Documentation
Command-line documentation and usage of Tractor NXF Workflow
The Tractor Nextflow (NXF) Workflow is designed to perform local ancestry-inferred GWAS using Tractor. This Nextflow pipeline enables users to run workflows in a reproducible manner across multiple computing infrastructures and is compatible with various job schedulers. Additionally, the workflow’s portability, along with its support for Docker containers and Conda environments, allows users to easily modify the pipeline to suit their specific needs.
To allow customizability of the Tractor NXF Workflow, we have divided it into three modules:
- Module 1: Phasing (using SHAPEIT5)
- Module 2: Local Ancestry Inference (choice of RFMix2, G-Nomix, FLARE)
- Module 3: Tractor GWAS
The complete Tractor workflow executes all modules sequentially, passing the output from each module to the next. However, users can opt to use their own tools or packages that might not be currently supported within the workflow. For instance, if a user prefers a different phasing method instead of SHAPEIT5, they can start from Module 2. Similarly, if local ancestry inference has already been performed, they can begin with Module 3. These modules are independent, allowing users to run them separately if desired.
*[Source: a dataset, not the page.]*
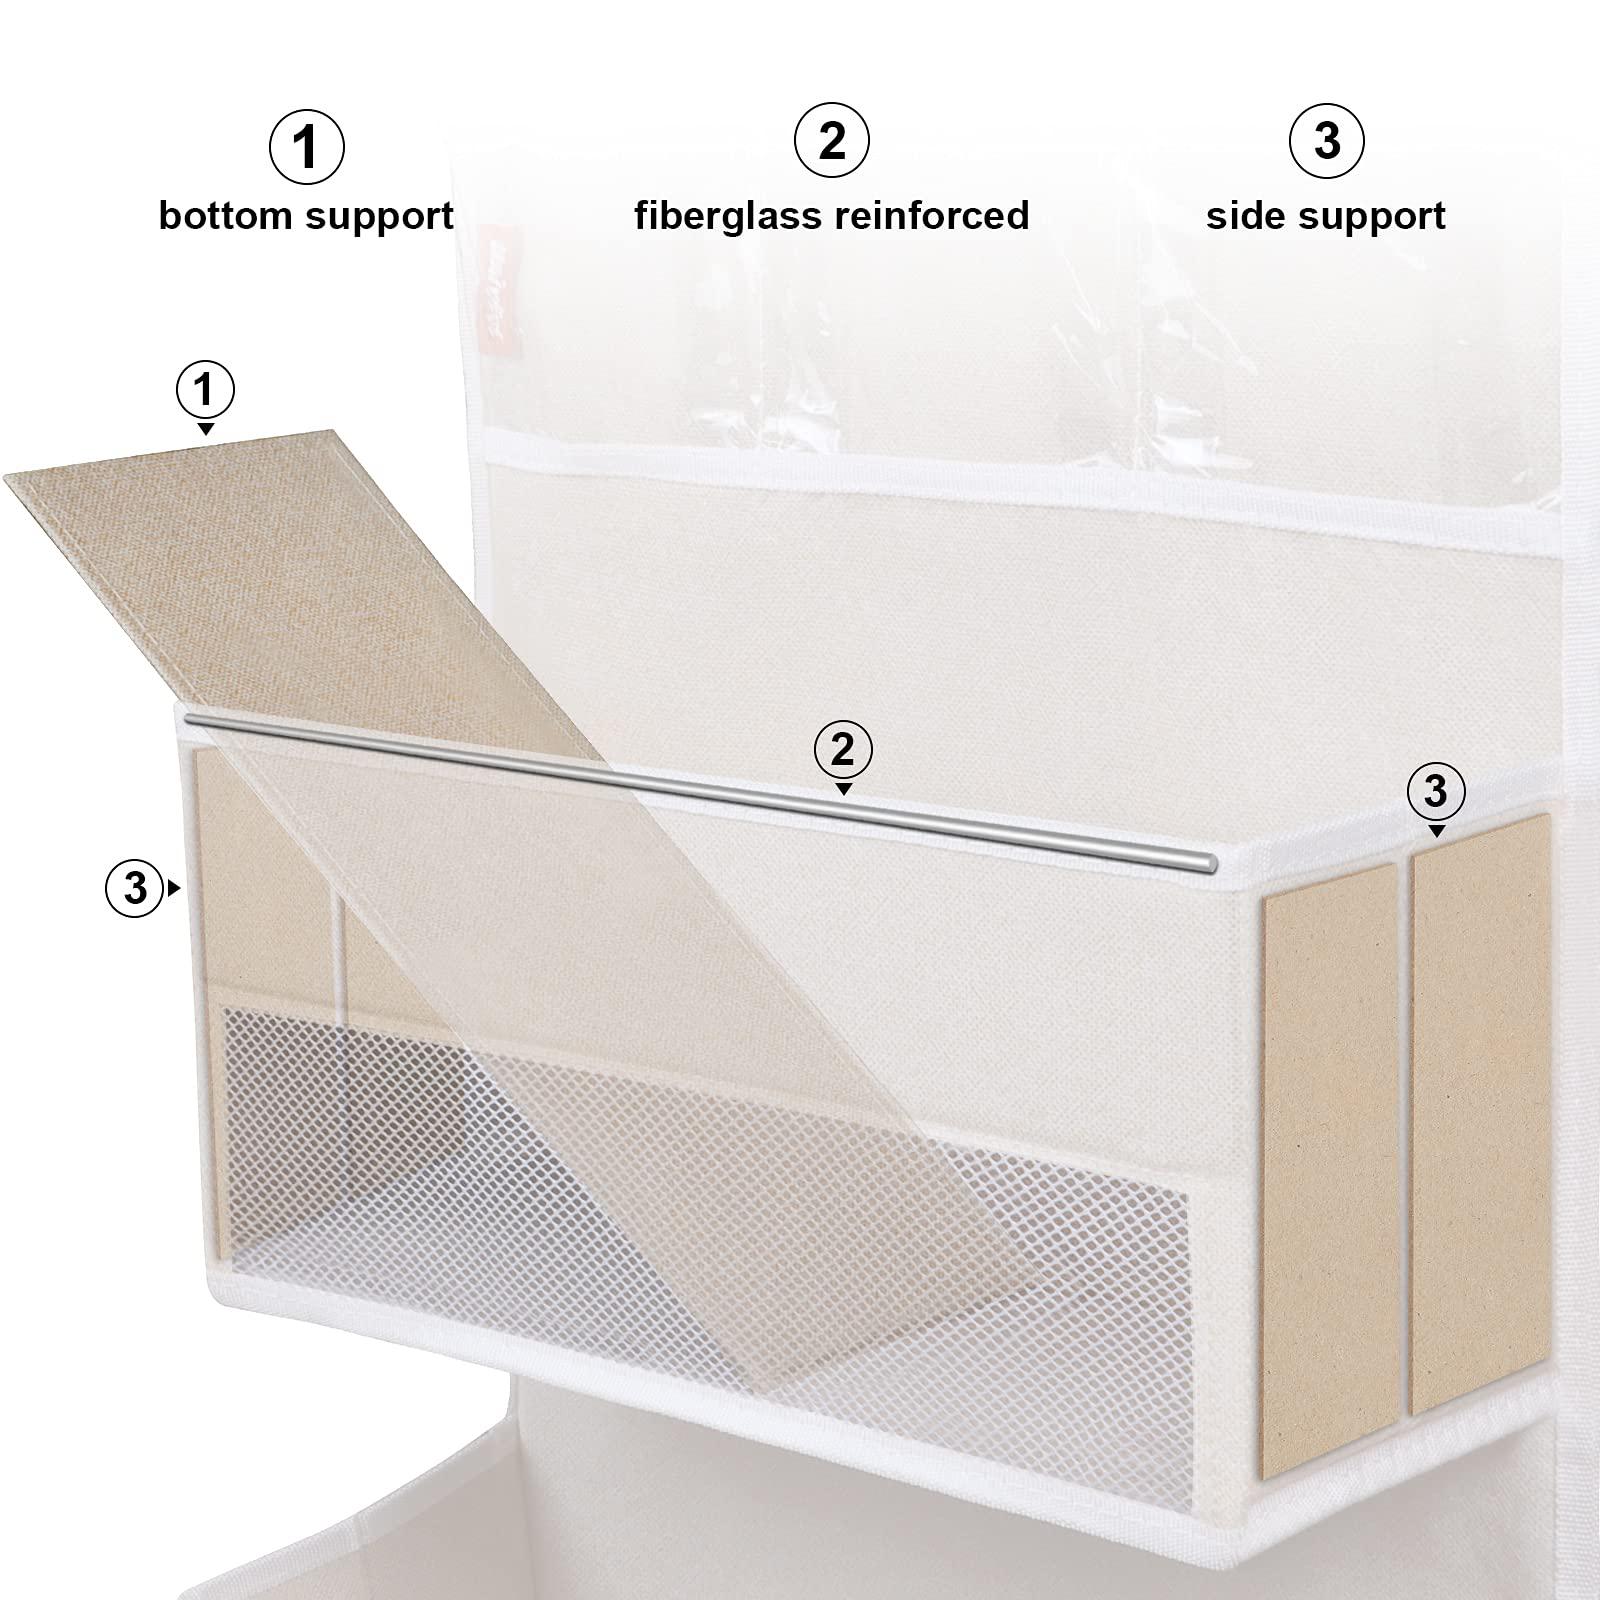 univivi 6-shelf over door hanging organizer fabric door storage with 5 large pockets and 3 small pvc pockets wall mount hangi
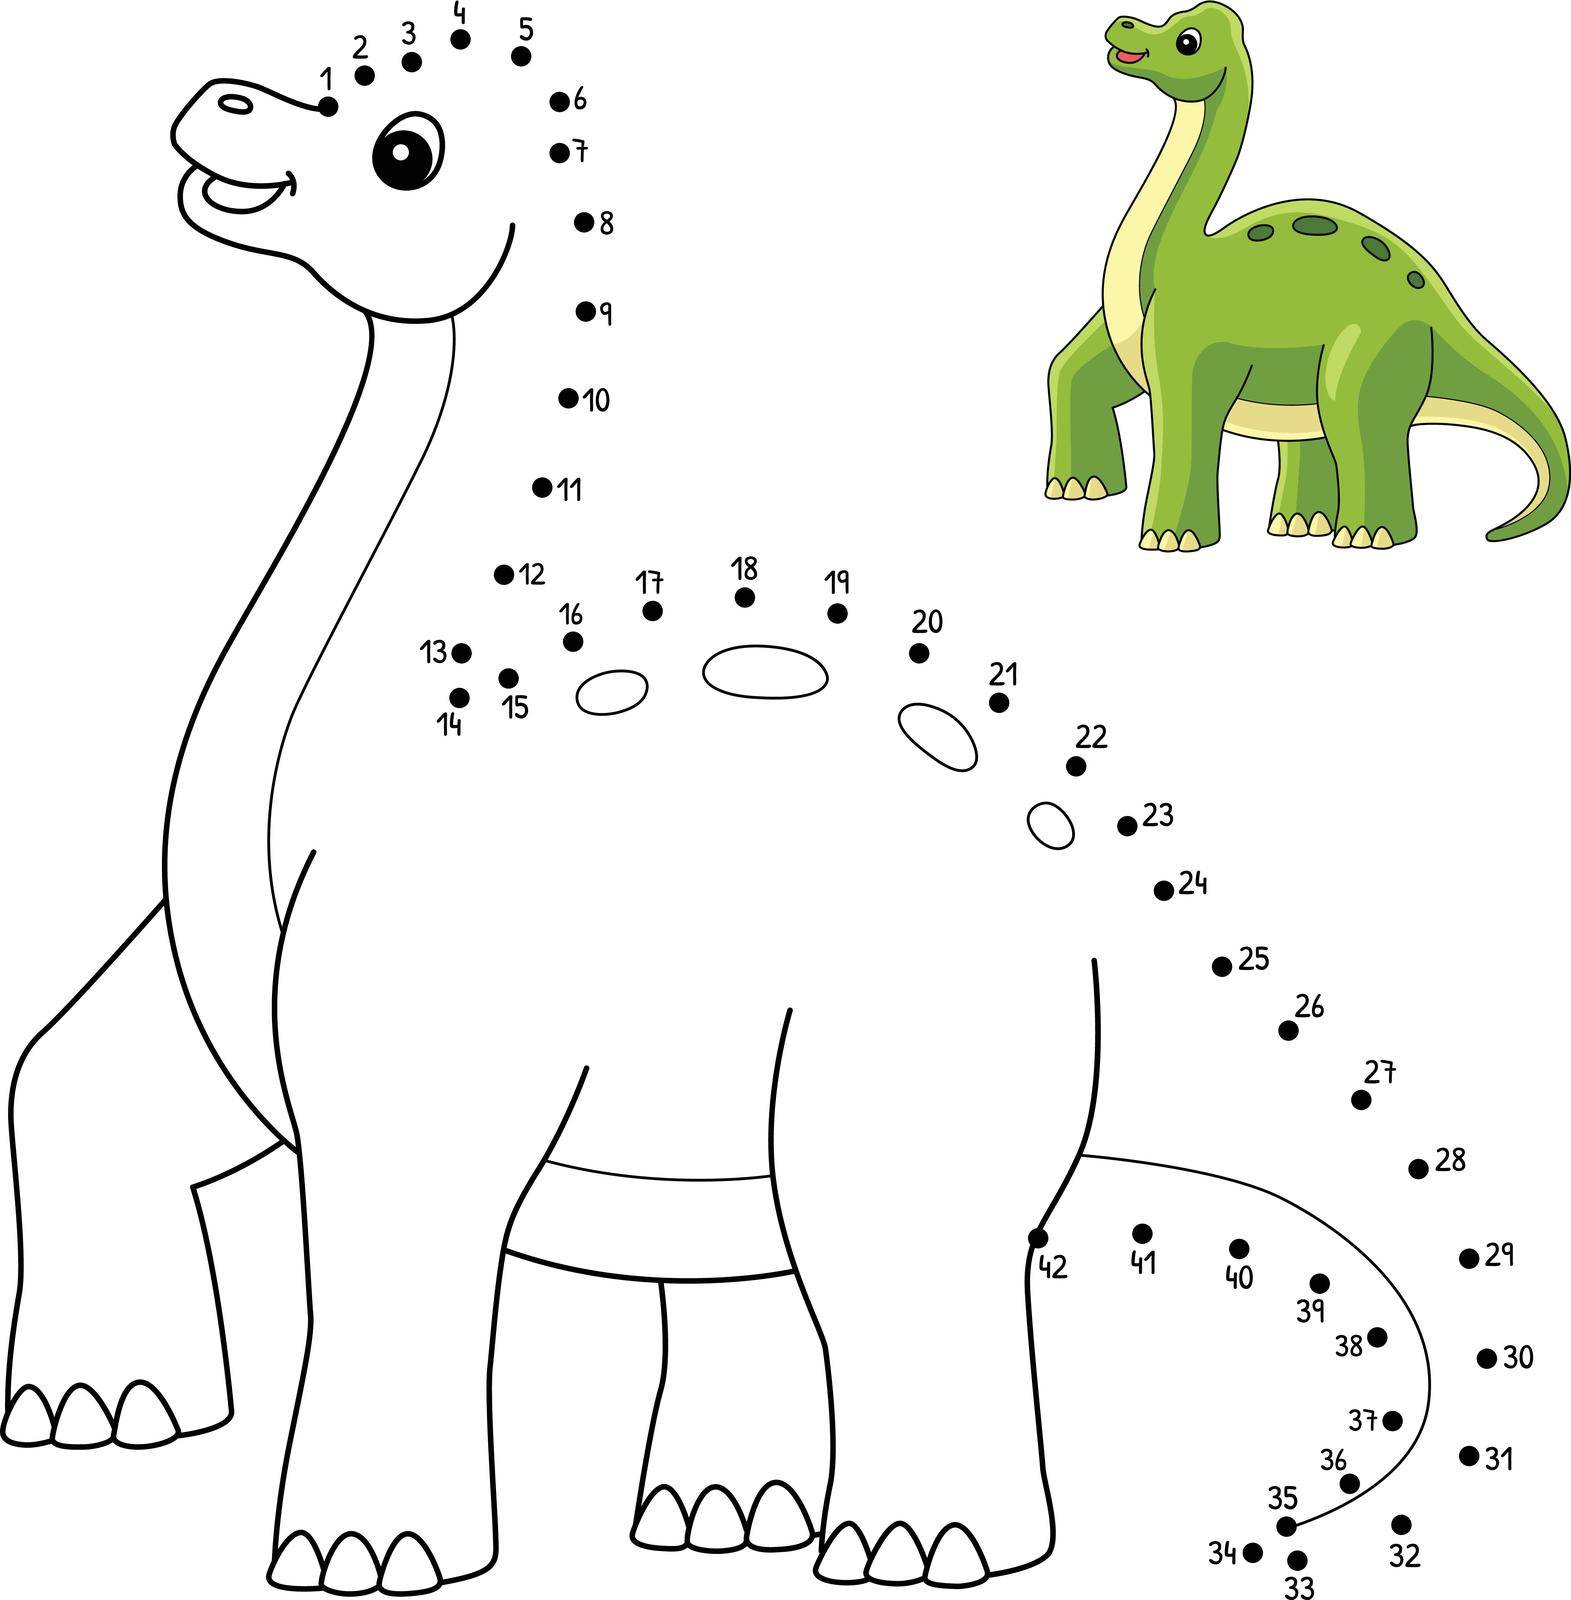 A cute and funny connect the dots coloring page of a Brachiosaurus. Provides hours of coloring fun for children. To color, this page is very easy. Suitable for little kids and toddlers.

What does running this workflow on Linux Server with SLURM Job Scheduler look like?
If a user chooses to run the entire pipeline, they can schedule a job that initiates the workflow with all necessary parameters. This will automatically launch the required SLURM jobs for each step: phasing, local ancestry inference, and finally, running Tractor GWAS. Users can configure CPU and memory requirements for each step, as well as any additional SLURM-specific settings, through the NXF config file, which will be detailed later in the documentation.
One of the key advantages of using a Nextflow Workflow is its ability to resume from the last successful step if a specific step fails—whether due to insufficient memory, CPU limitations, or any other error. Users can simply re-run the job with the -resume
parameter, and the workflow will skip the steps that have already been completed, resuming from where it left off.
The -resume
parameter in Nextflow is sensitive. Any modification to directories or files can disrupt the workflow’s ability to resume its run successfully, and the pipeline might begin the run from scratch.